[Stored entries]
■ ■ ■

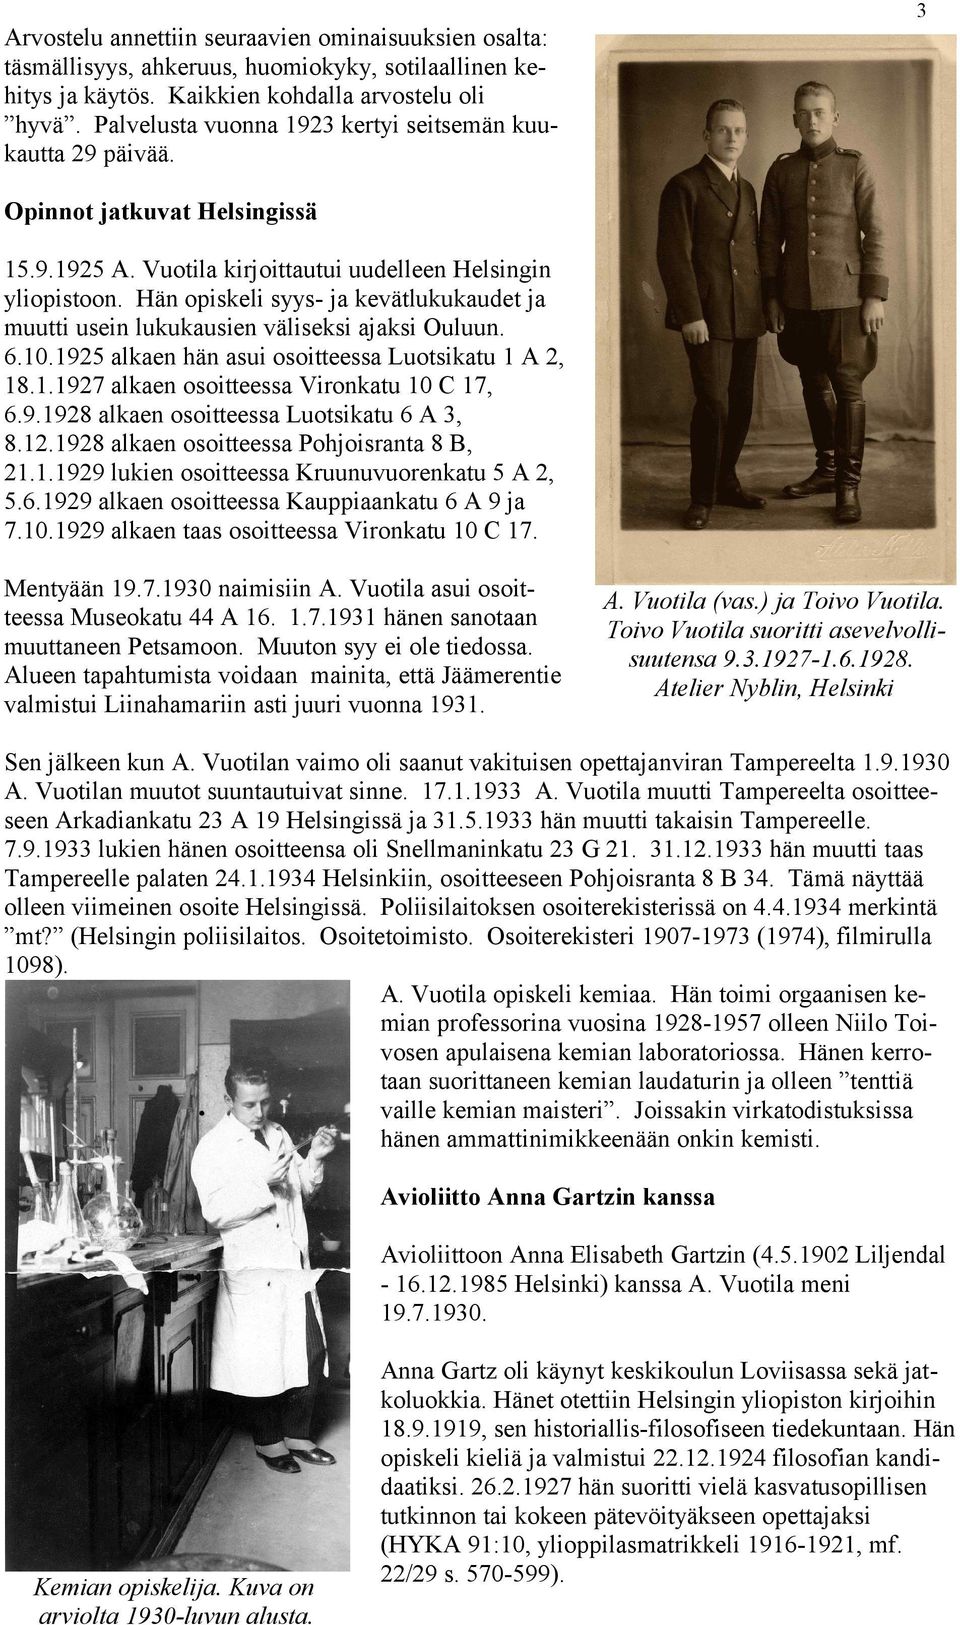 Hän opiskeli syys- ja kevätlukukaudet ja muutti usein lukukausien väliseksi ajaksi Ouluun. 6.10.1925 alkaen hän asui osoitteessa Luotsikatu 1 A 2, 18.1.1927 alkaen osoitteessa Vironkatu 10 C 17, 6.9.1928 alkaen osoitteessa Luotsikatu 6 A 3, 8.
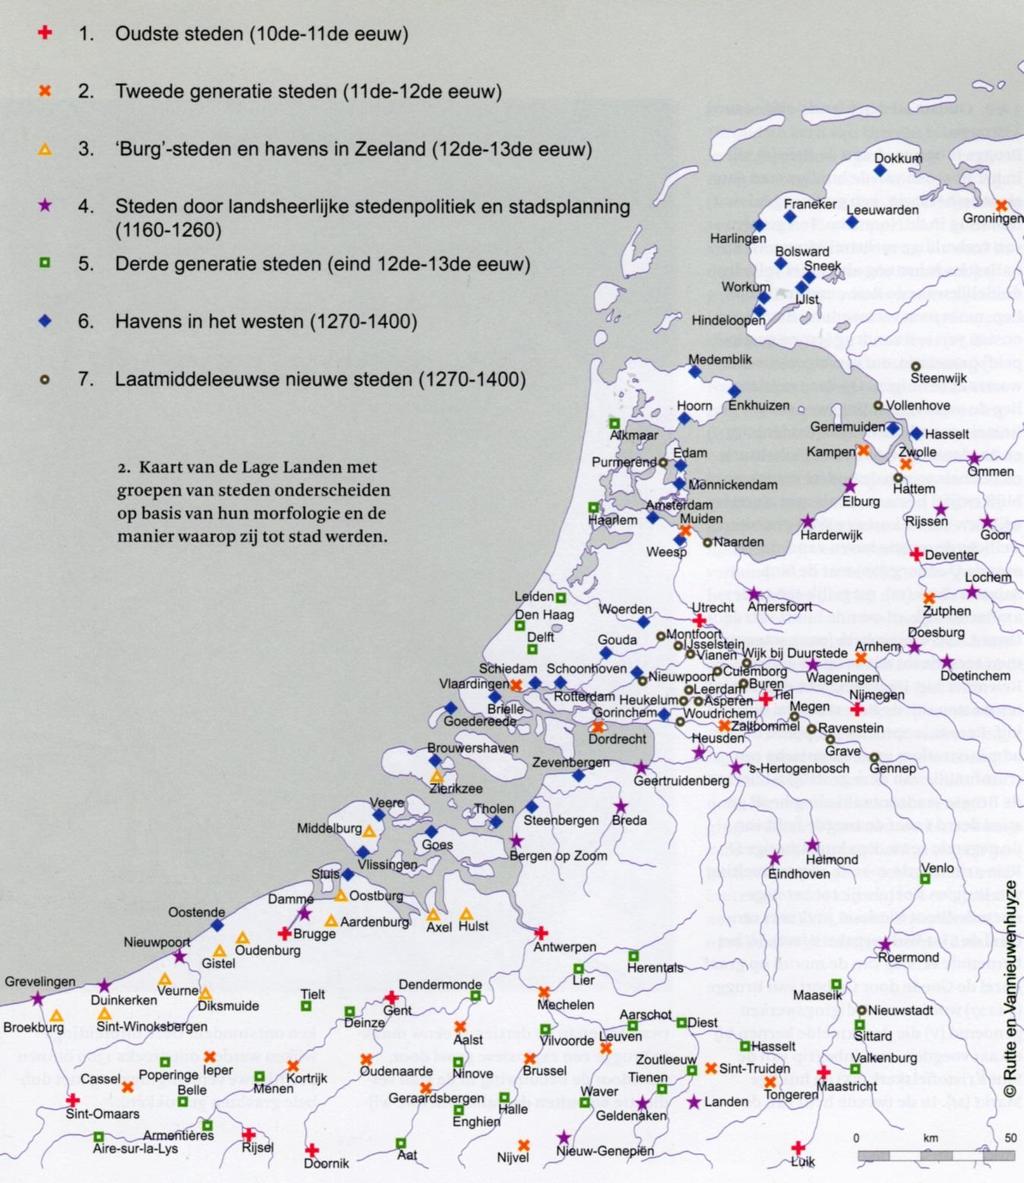 Bron: R. Rutte & B. Vannieuwenhuyze, Stadswording in de Lage Landen van de tiende tot de vijftiende eeuw.
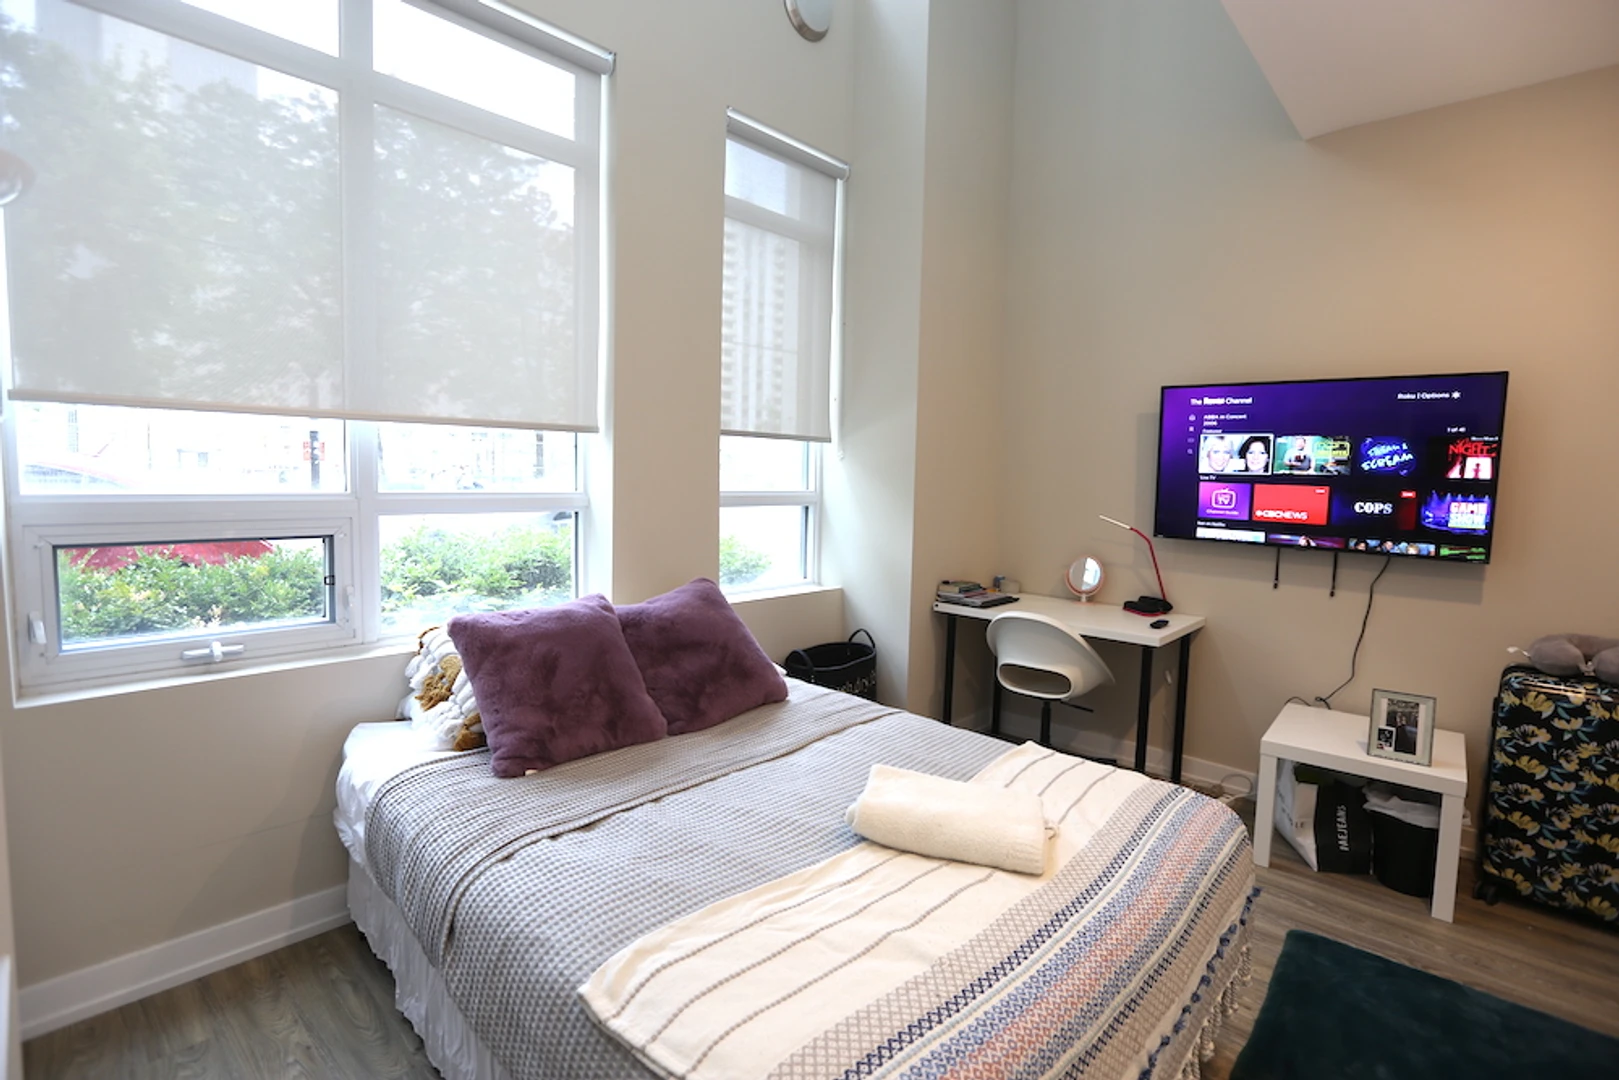 Chambre à louer avec lit double Toronto
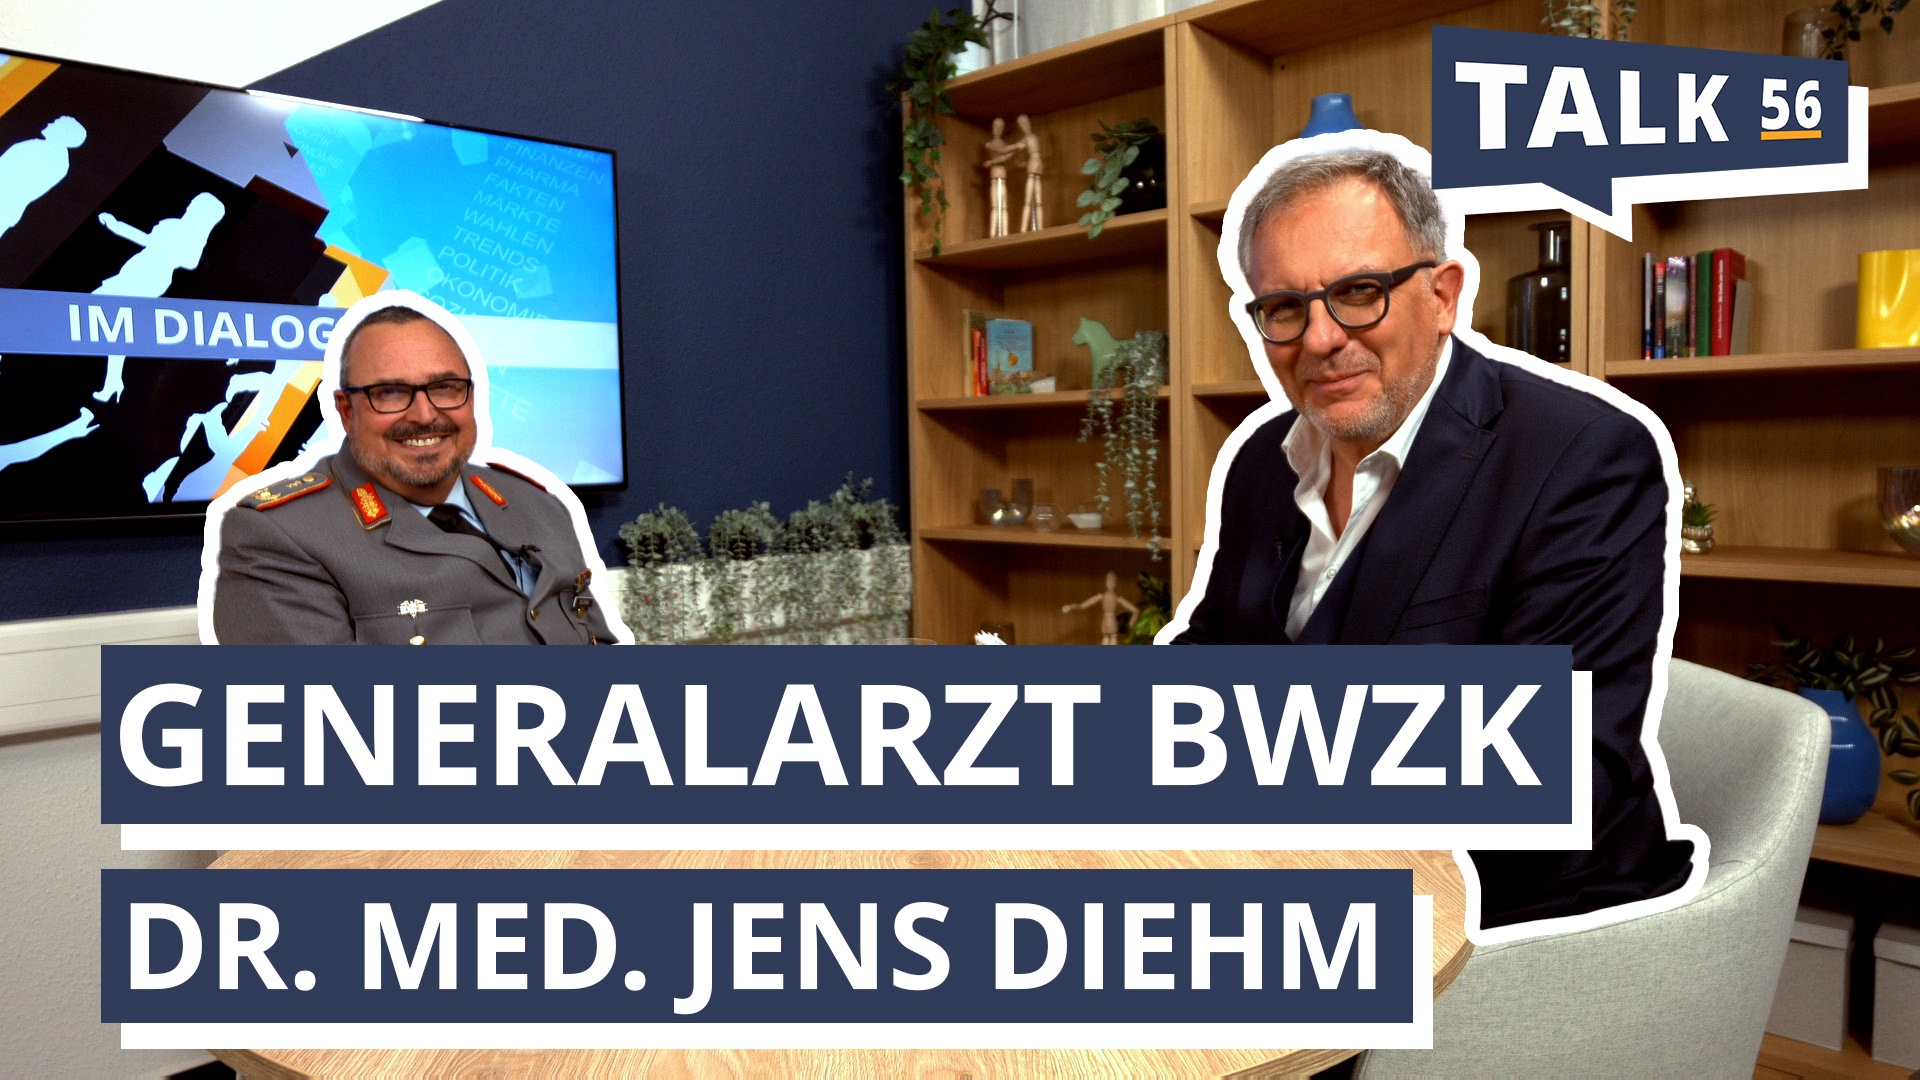 Im Dialog mit Dr. Jens Diehm, Generalarzt des Bundeswehrzentralkrankenhauses
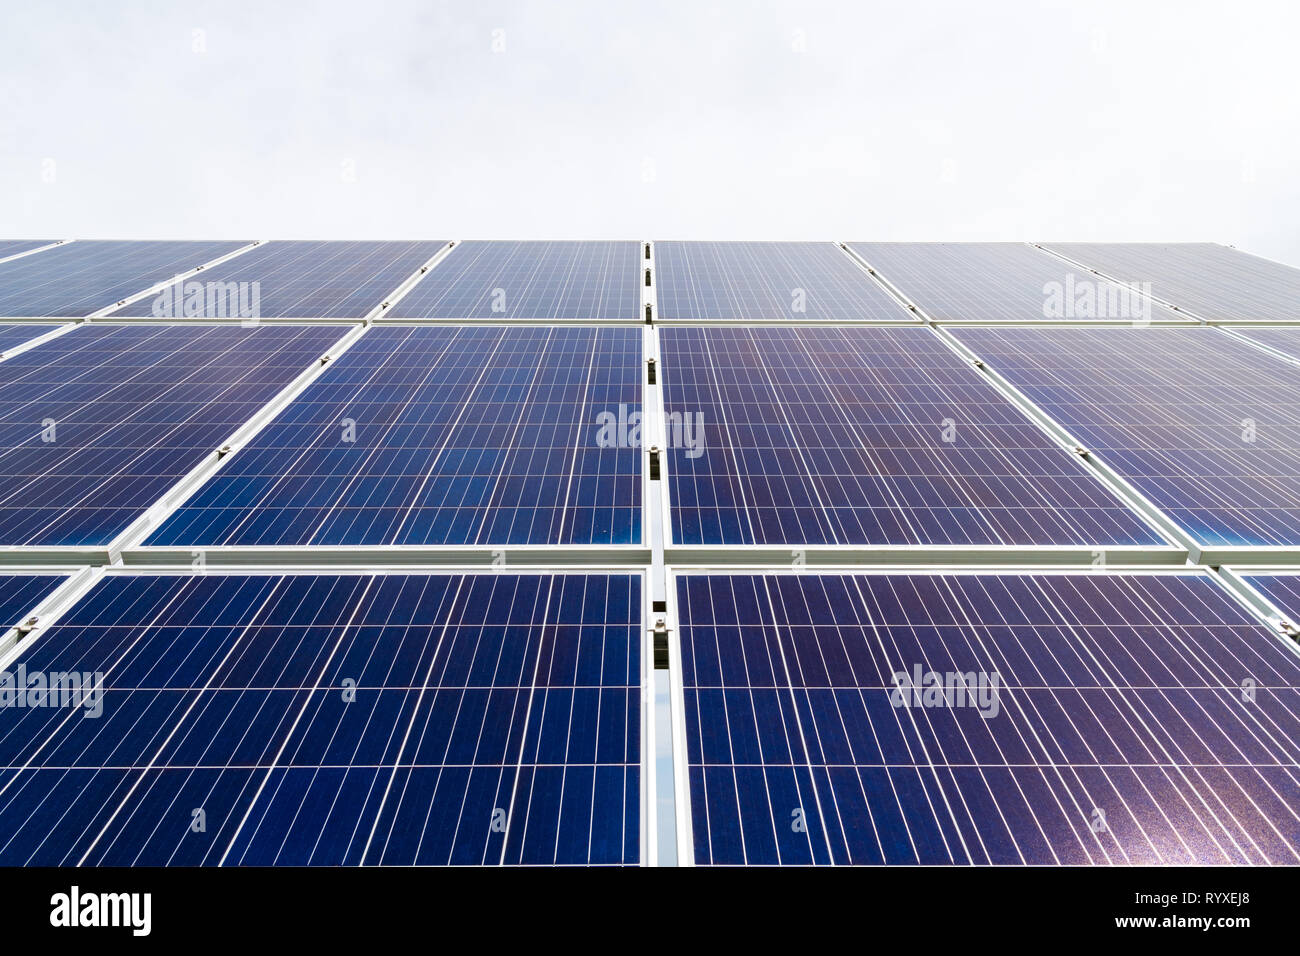 Cellule solaire panneaux photovoltaïques à l'usine de production d'énergie avec bleu ciel nuageux dans l'arrière-plan. Concept d'énergie renouvelable solaire Banque D'Images

■ ■ ■

_Your objective_
The answer should hold every entry exactly as given and no pictures at all.

_Your response_
 Hän opiskeli syys- ja kevätlukukaudet ja muutti usein lukukausien väliseksi ajaksi Ouluun. 6.10.1925 alkaen hän asui osoitteessa Luotsikatu 1 A 2, 18.1.1927 alkaen osoitteessa Vironkatu 10 C 17, 6.9.1928 alkaen osoitteessa Luotsikatu 6 A 3, 8.
 Bron: R. Rutte & B. Vannieuwenhuyze, Stadswording in de Lage Landen van de tiende tot de vijftiende eeuw.
 Chambre à louer avec lit double Toronto
 Im Dialog mit Dr. Jens Diehm, Generalarzt des Bundeswehrzentralkrankenhauses
 Cellule solaire panneaux photovoltaïques à l'usine de production d'énergie avec bleu ciel nuageux dans l'arrière-plan. Concept d'énergie renouvelable solaire Banque D'Images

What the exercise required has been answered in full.